Figure 3. Flowchart of launch vehicle sensor based on MMFD algorithm.

In order to improve detection accuracy and reduce the rate of false alarm and false alarms, a twofold threshold is used for fault detection. After determining the detection threshold DT and absolute threshold, the dual threshold detection method is as follows.

  1. 1) When the weighted sum of squares of residuals (WSSR) ${Z_\tau }(k)$ exceeds the detection threshold for three consecutive moments, it is regarded to have a failure, i.e., ${Z_\tau }(k) \gt $ DT, where k = t, t + 1, t + 2.

  2. 2) When the WSSR ${Z_\tau }(k)$ exceeds the absolute threshold at a certain time, it is considered to have a failure, i.e., ${Z_\tau }(k) \gt D{T_{Max}}$ .

4.2 Isolation strategy based on multimodel fault diagnosis algorithm

The above methods can only detect and isolate a single fault.

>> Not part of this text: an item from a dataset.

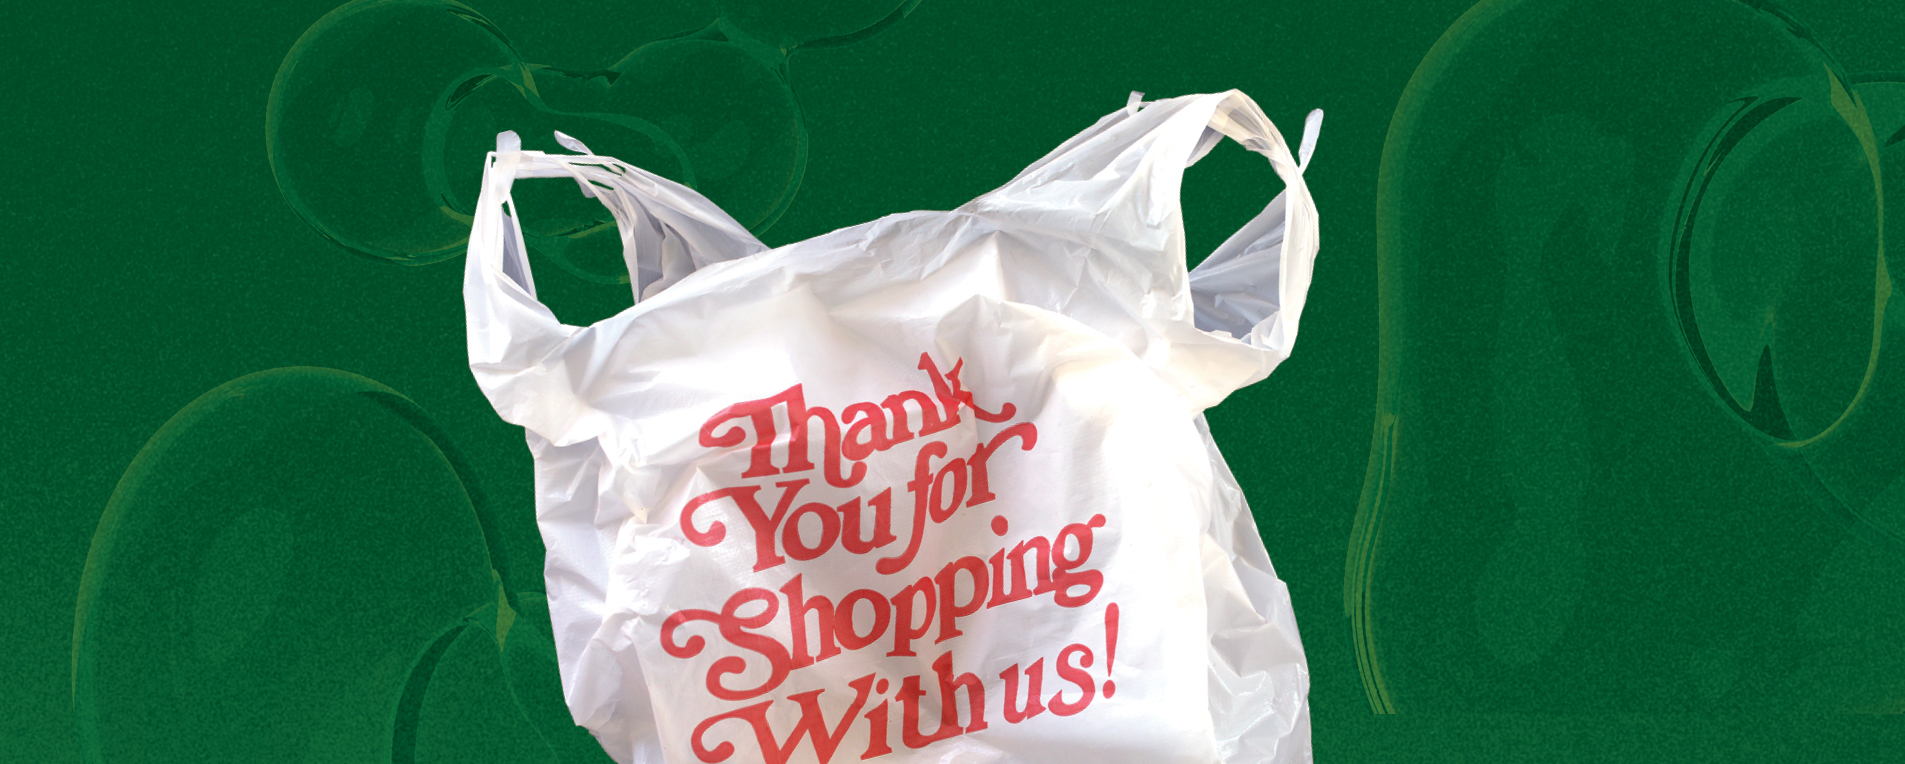 A shopping bag from a discount retailer

In order for the diagnostic system to be able to detect and isolate both actuator and sensor faults, a corresponding isolation strategy needs to be derived.

Since the weak coupling of the SCKF set, the first localisation of faults is performed using this filter set. We can deduct from Equation (38) that several sets of SCKF residuals exceed the threshold when an actuator fails. Considering the extremely low probability of multiple sensors failing at the same time, the multifault isolation technique based on the MMFD algorithm is as follows.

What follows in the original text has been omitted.